Faking It ‘Til We Break It

“Video showing Maduro allegedly torturing Venezuelan dissidents is going viral, with 15 million views and 81k likes already. The only problem? It is actually a scene from a movie.” This tweet from journalist Alan Macleod captured just one droplet in a flood of disinformation following the U.S. capture of Nicolás Maduro. As The Guardian noted, AI-generated images of the event reaped millions of views, instantly saturating social media with fiction.
This cycle repeated days later when Renee Good was killed by an ICE agent in Minnesota. NPR reported that “AI images and internet rumors spread confusion,” fueling a rush to judgment that bypassed all evidence. Rather than awaiting verified facts, the public retreated into partisan scripts: Democrats immediately condemned the agency, while Republicans vilified the victim.
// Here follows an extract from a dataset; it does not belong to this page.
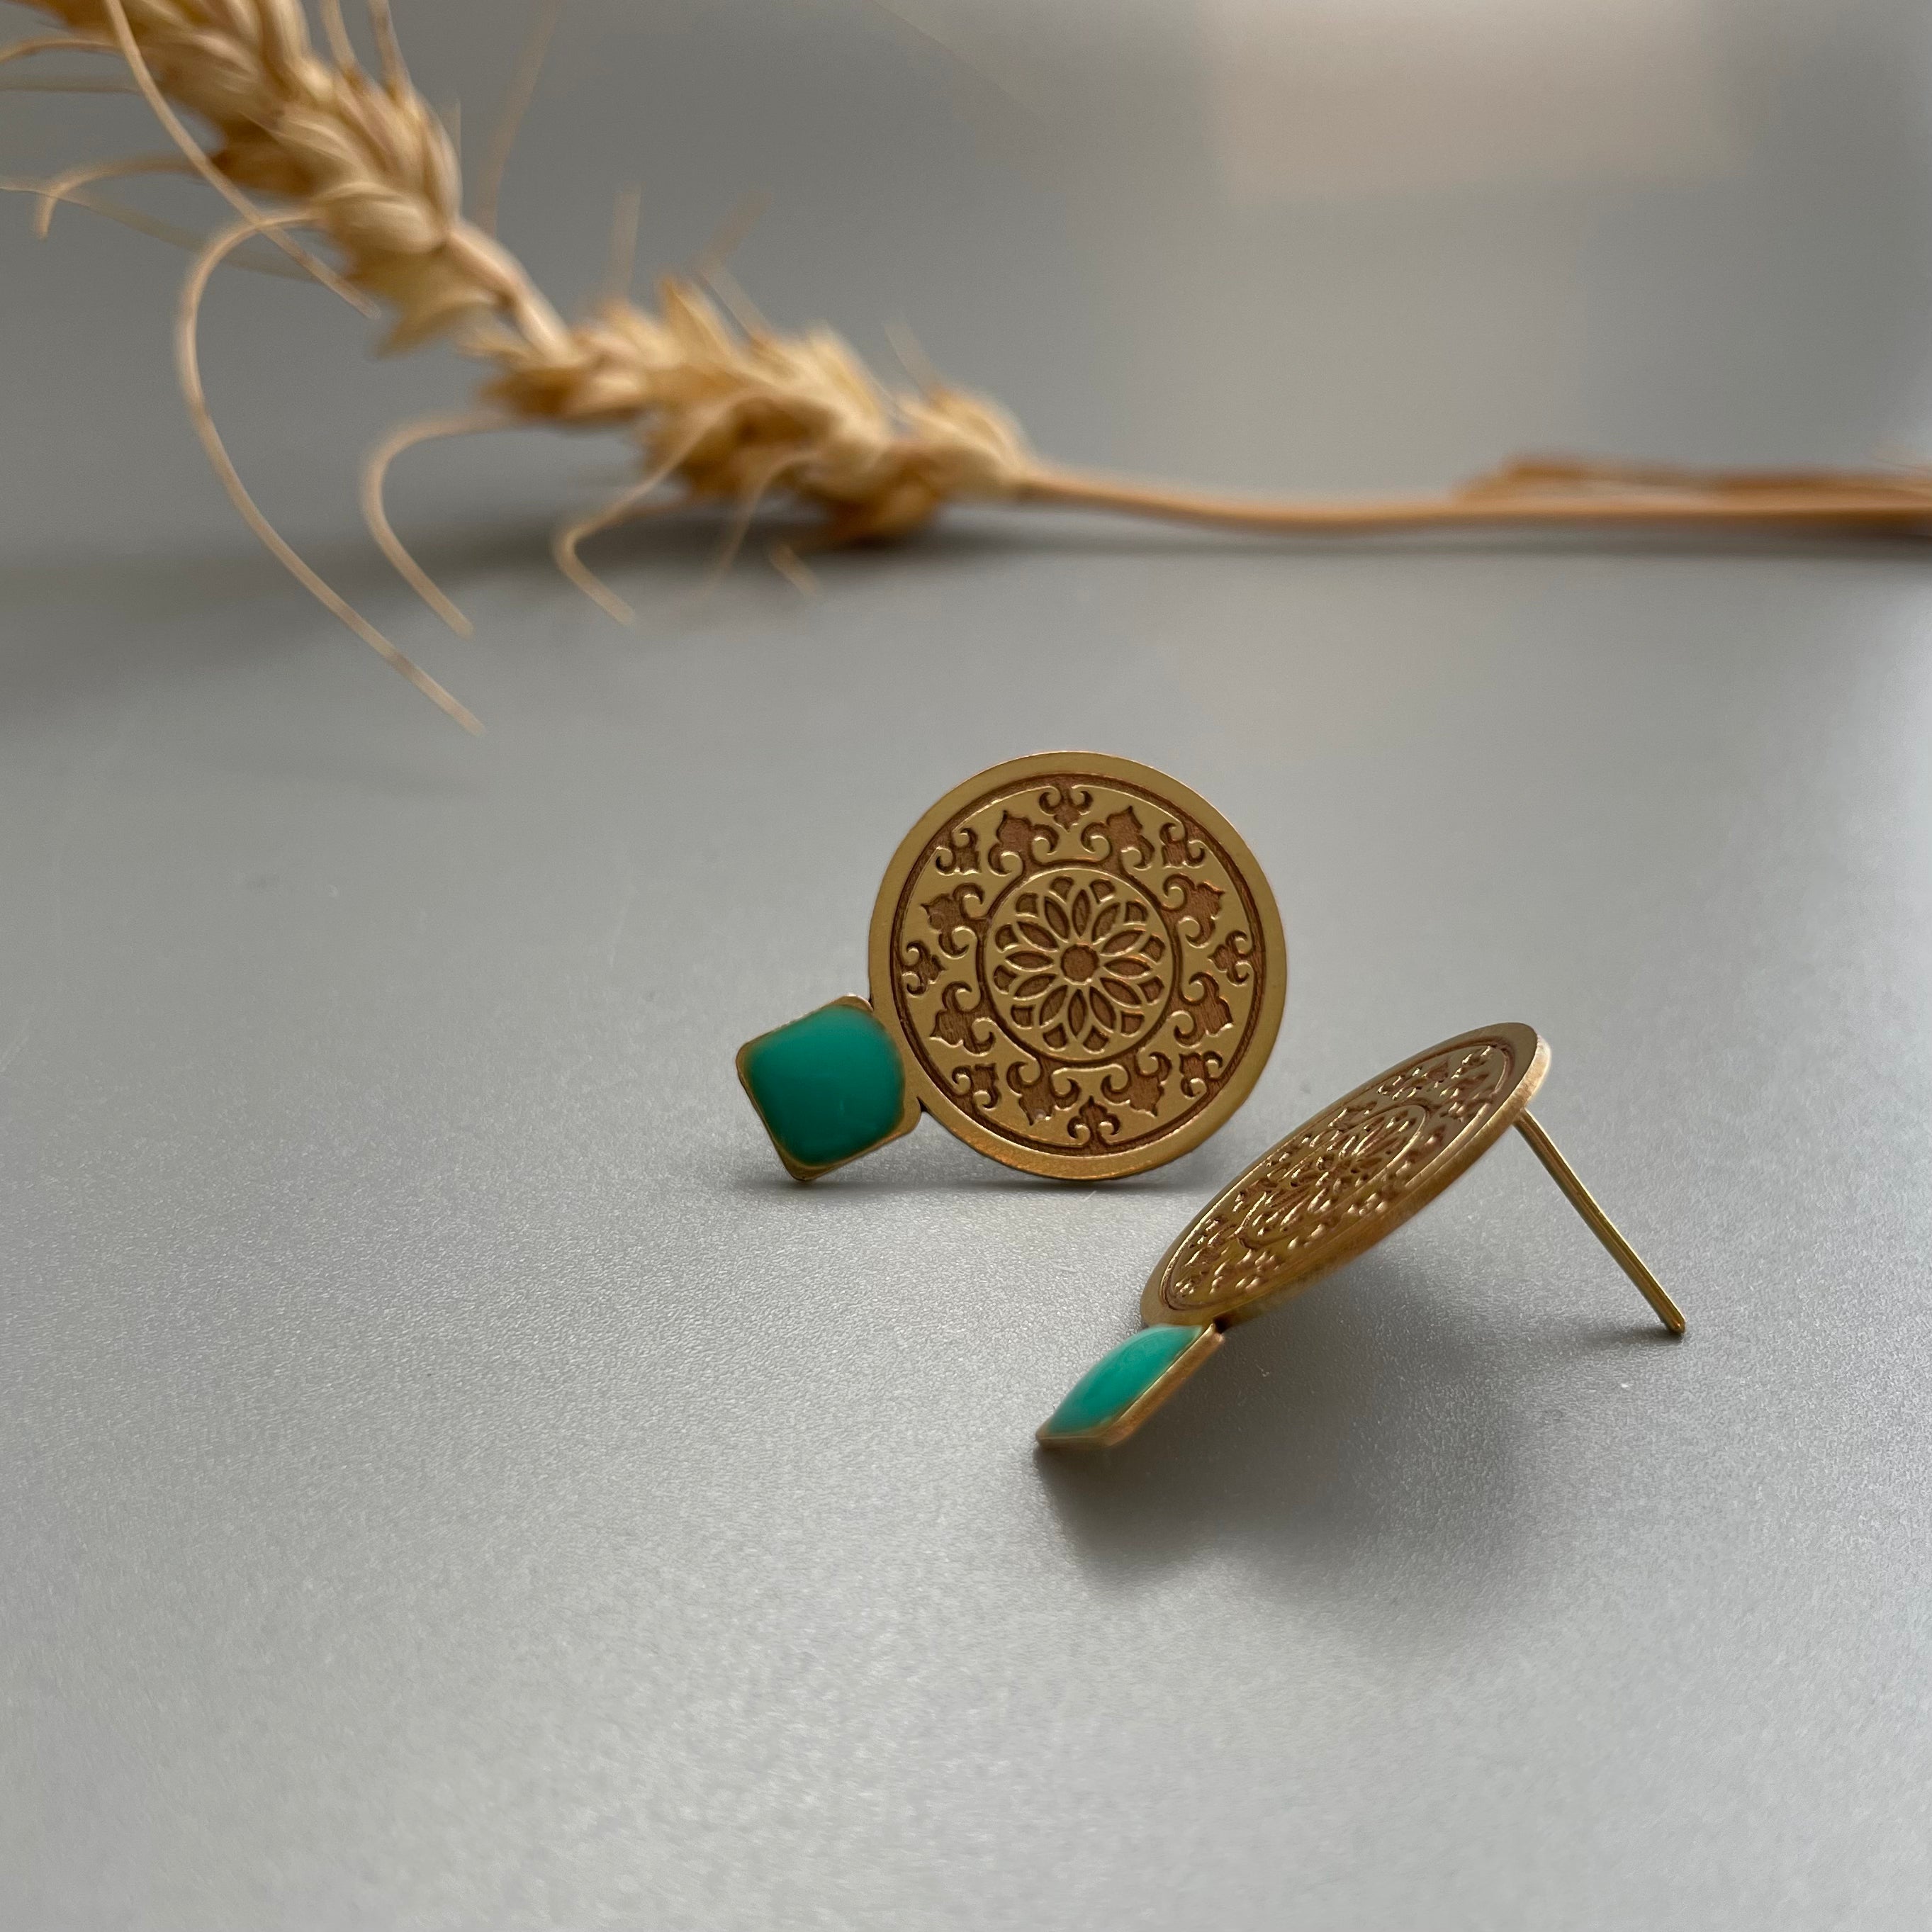 Handmade Brass Earrings with Geometric Pattern - AFRA ART GALLERY

This reflexive tribalism illustrates a nation that has abandoned the patience of critical analysis in favor of viral, evidence-free outrage. This reflexive rush to judgment is now weaponized by a new tool of deception: the deepfake.
The emergence of deepfakes has introduced a volatile new dimension to the challenge of disinformation. This technology preys upon systemic vulnerabilities: a widespread lack of media literacy, a ‘greed is good’ hyper-individualism, and a techno-utopian ethos that prioritizes innovation over decency, truth, and social cohesion. The result is a fractured digital landscape where ethically bankrupt creators and profit-driven platforms engineered for engagement oversee the steady demise of civil society. This marriage of cutting-edge deception and ancient tribalism has created a perfect storm where the most successful lie wins and the truth is buried under a million algorithmically-driven clicks. To survive this era of manufactured outrage, we must move beyond passive consumption and demand systemic accountability for the engines of our deception.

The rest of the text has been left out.